## SUPPLIED INFORMATION
━━━━━━━━━━━━━━━━

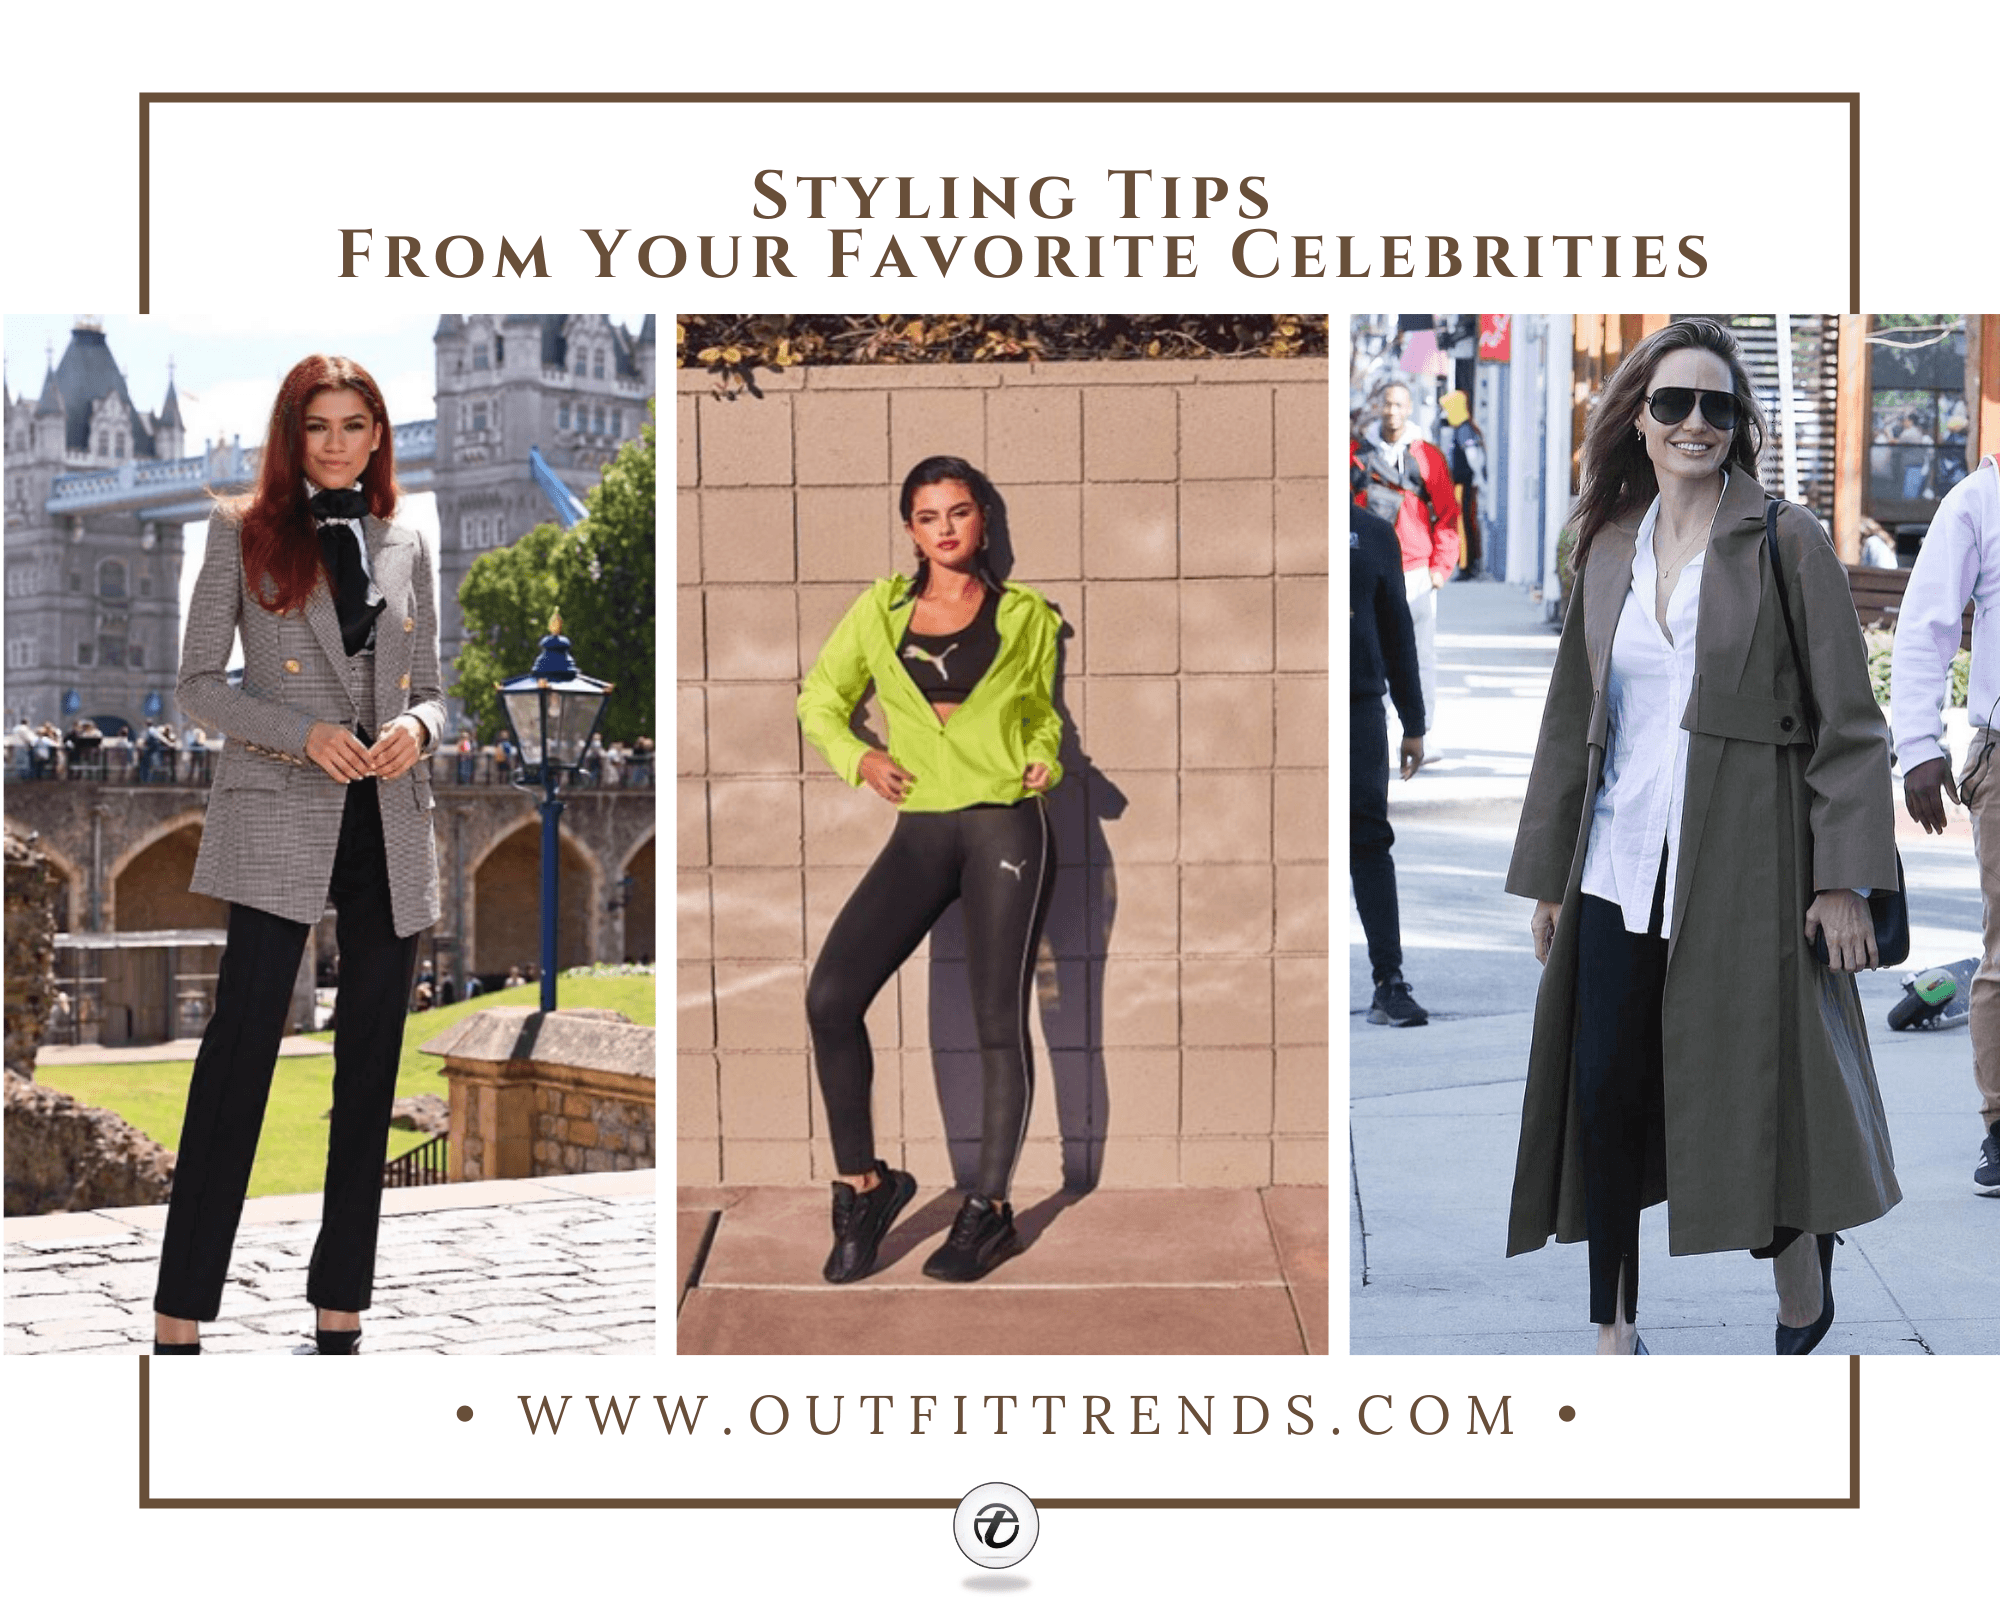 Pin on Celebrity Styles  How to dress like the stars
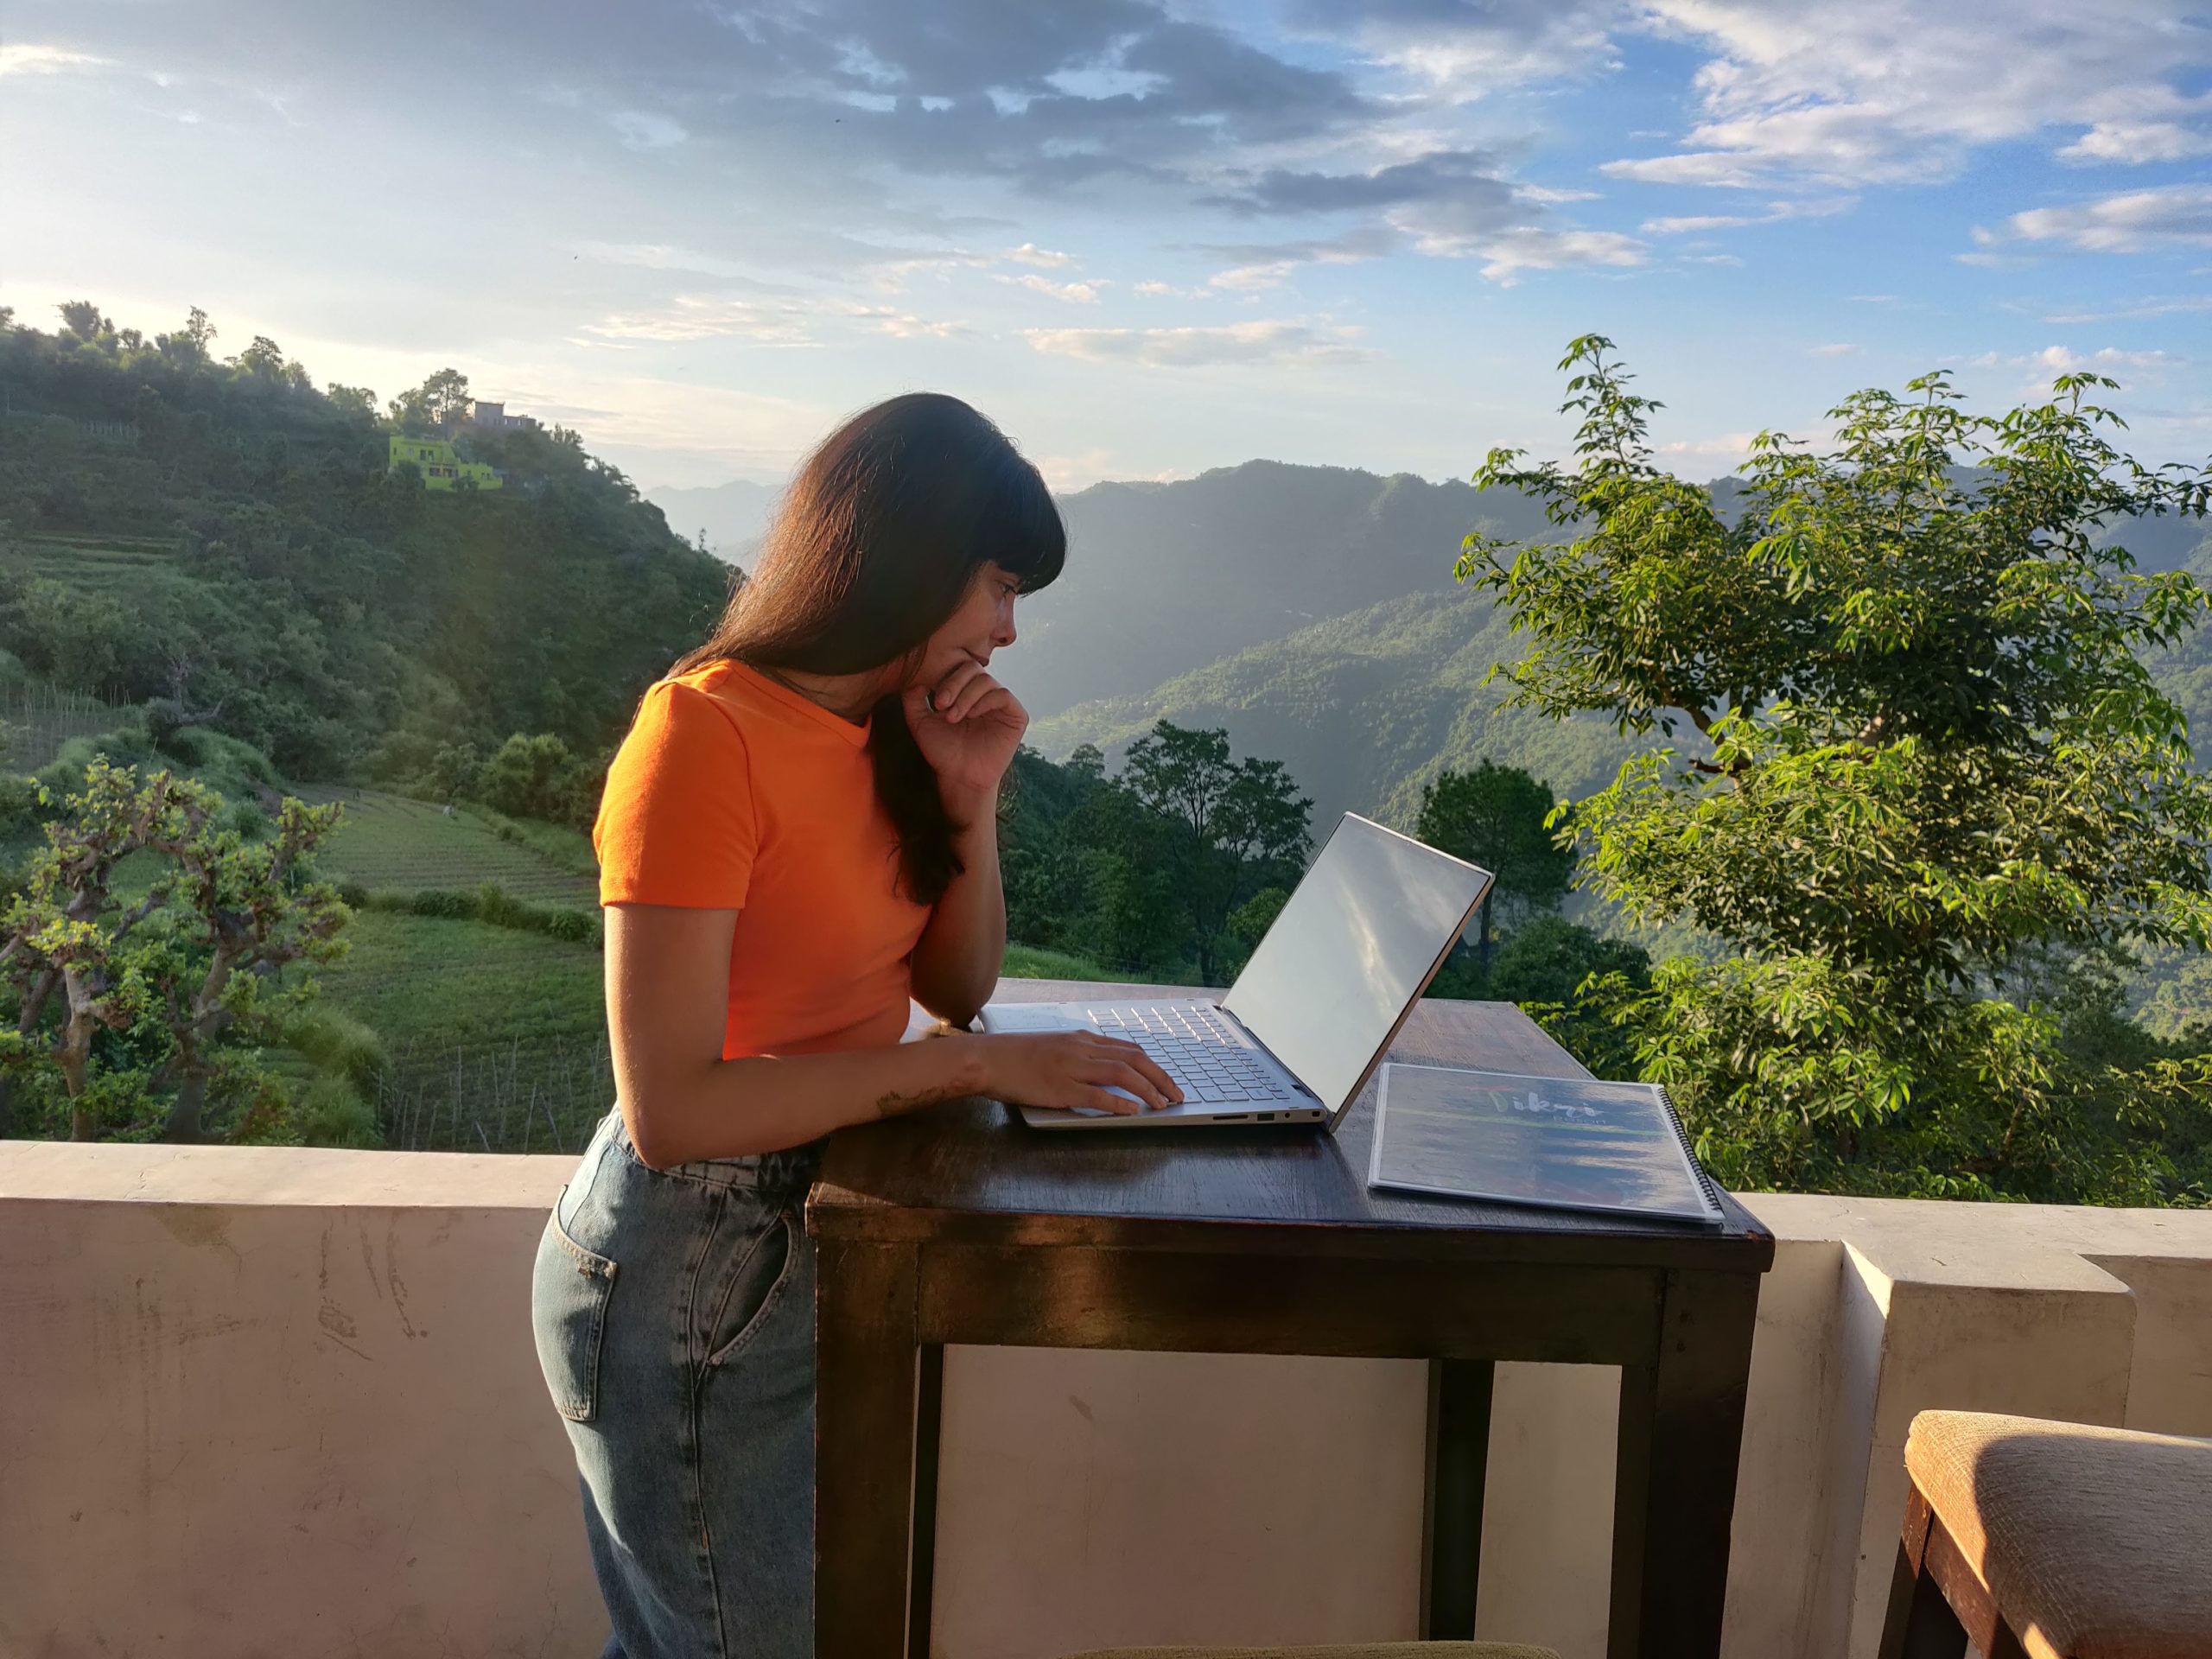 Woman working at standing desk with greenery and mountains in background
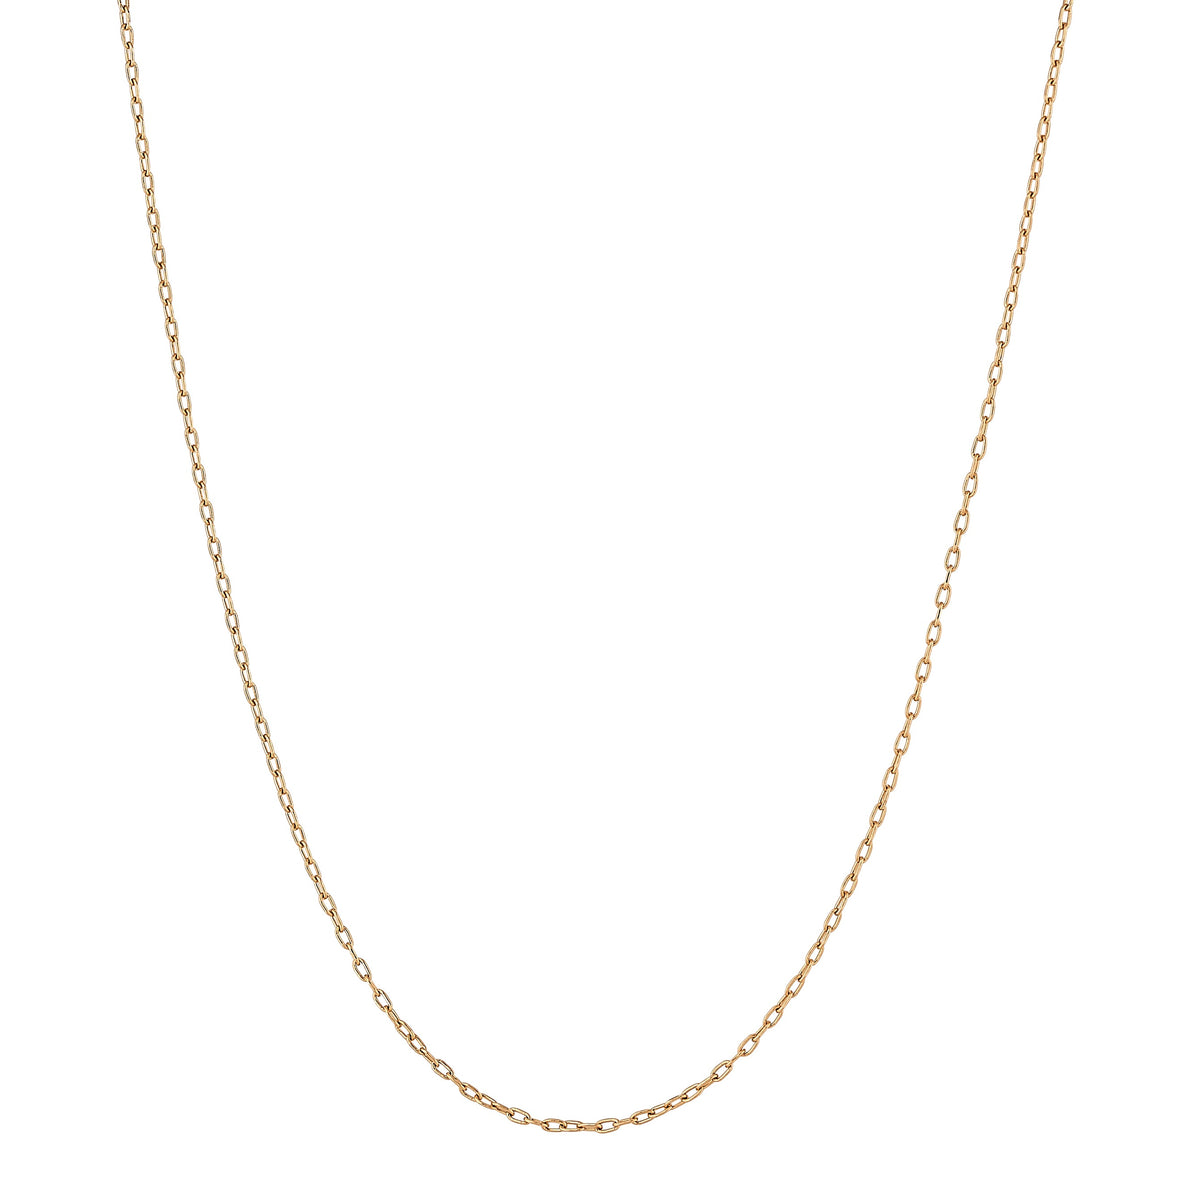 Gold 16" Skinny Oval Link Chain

━━━━━━━━━━━━━━━━

## AIM OF THE EXERCISE
Every line from the one holding "Woman working at" through the final line of the data above is to be reproduced exactly, both ends included, with the pictures left out.

## RESULT OF THIS TASK
 Woman working at standing desk with greenery and mountains in background
 Gold 16" Skinny Oval Link Chain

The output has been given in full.